• _Dataset section_:
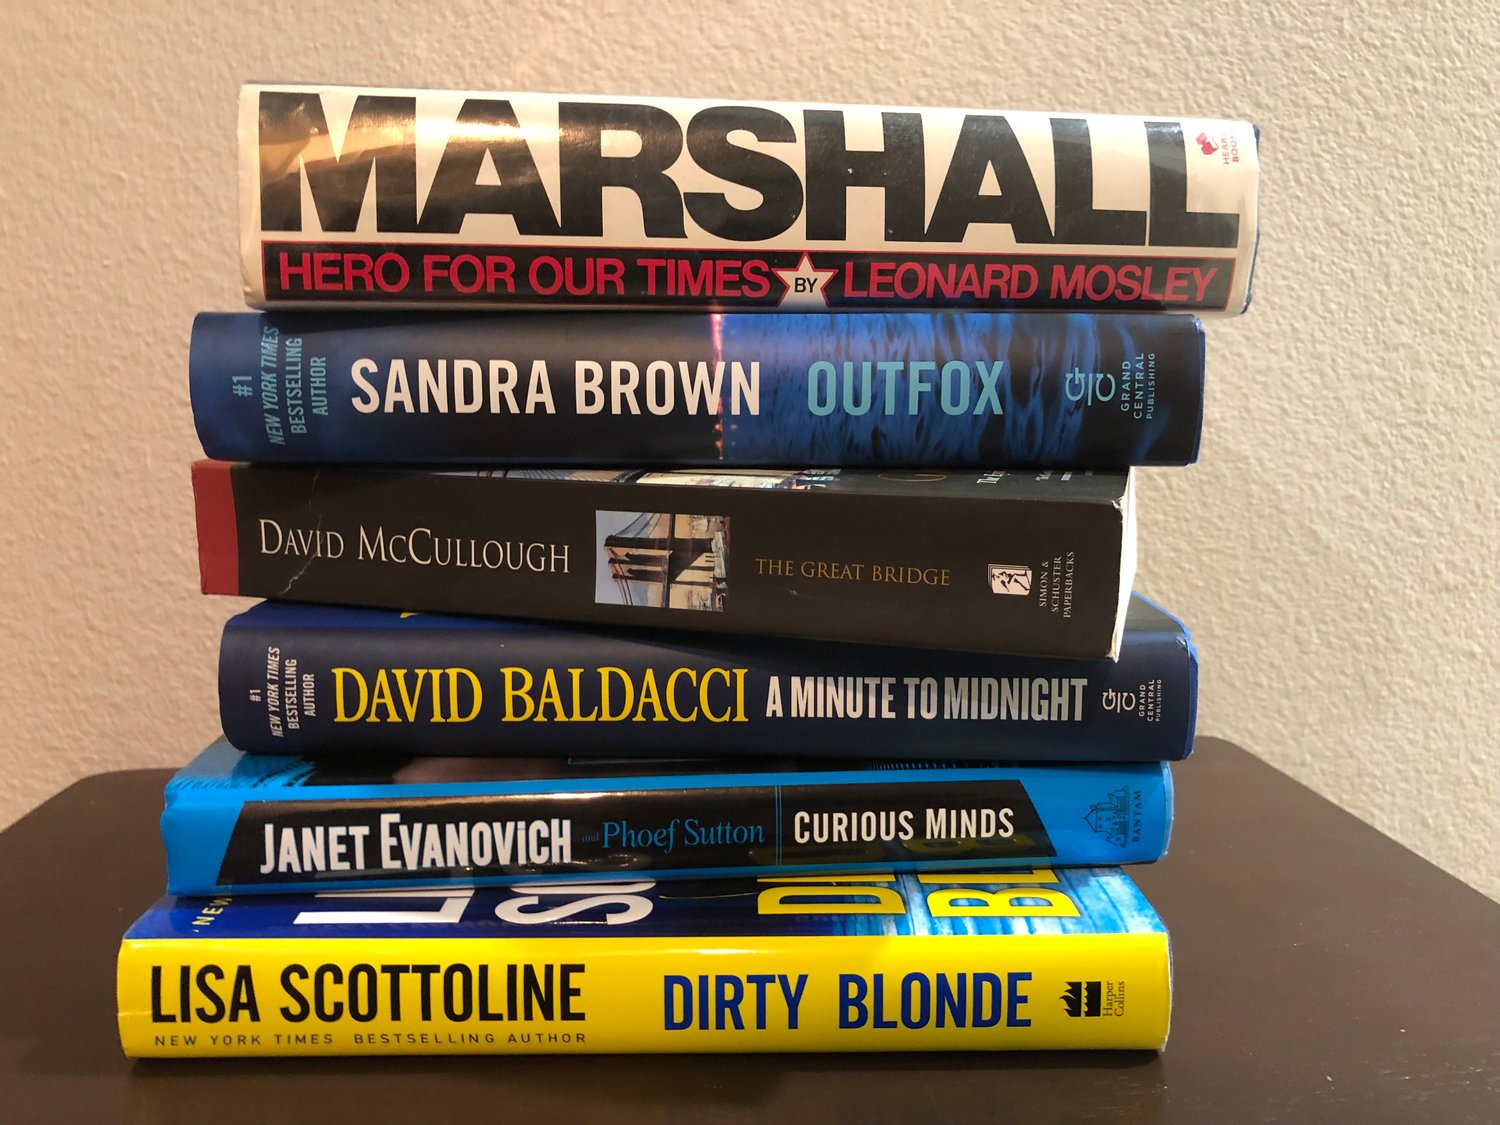 Used books such as these are available for purchase at the Friends of the Maud Marks Library Used Book Sale, set for Jan. 29 at the library, 1815 Westgreen Blvd.
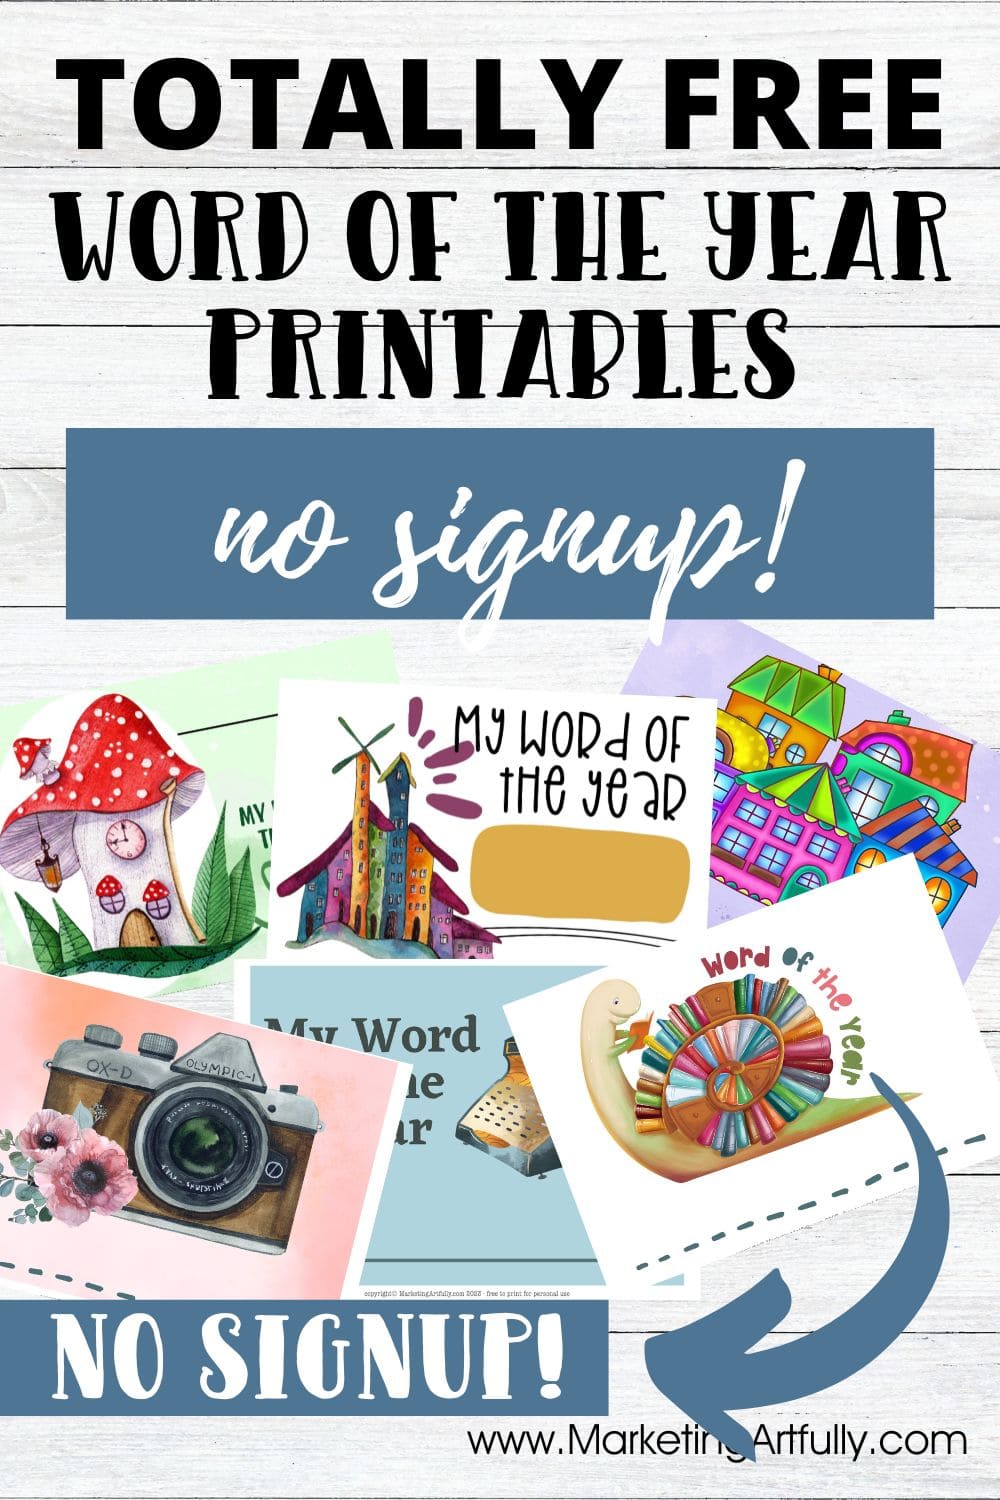 Free Word of The Year Printables
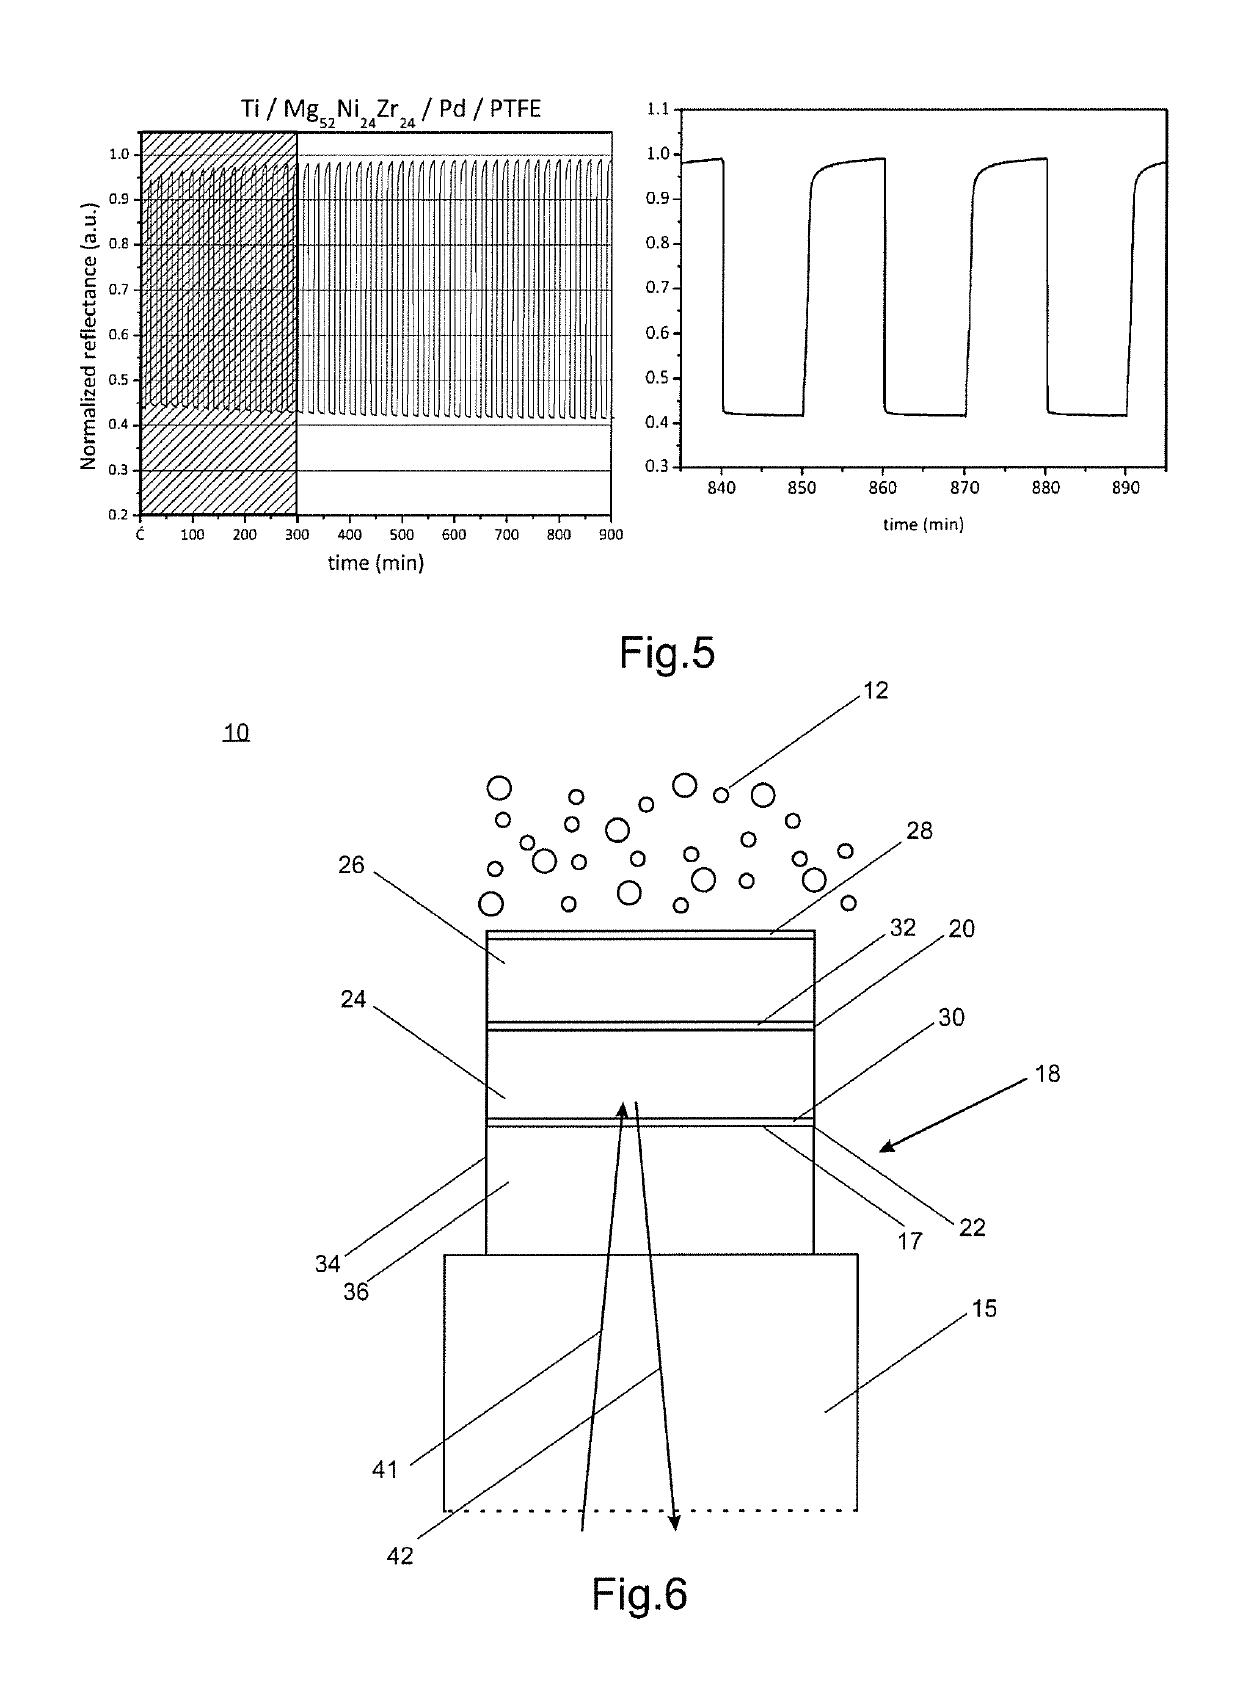 Hydrogen sensor, hydrogen detection system employing the same, and electrical device with a hydrogen detection system

• _Exercise details_:
Give back the full data exactly as it reads, but drop the pictures.

• _Task result_:
 Used books such as these are available for purchase at the Friends of the Maud Marks Library Used Book Sale, set for Jan. 29 at the library, 1815 Westgreen Blvd.
 Free Word of The Year Printables
 Hydrogen sensor, hydrogen detection system employing the same, and electrical device with a hydrogen detection system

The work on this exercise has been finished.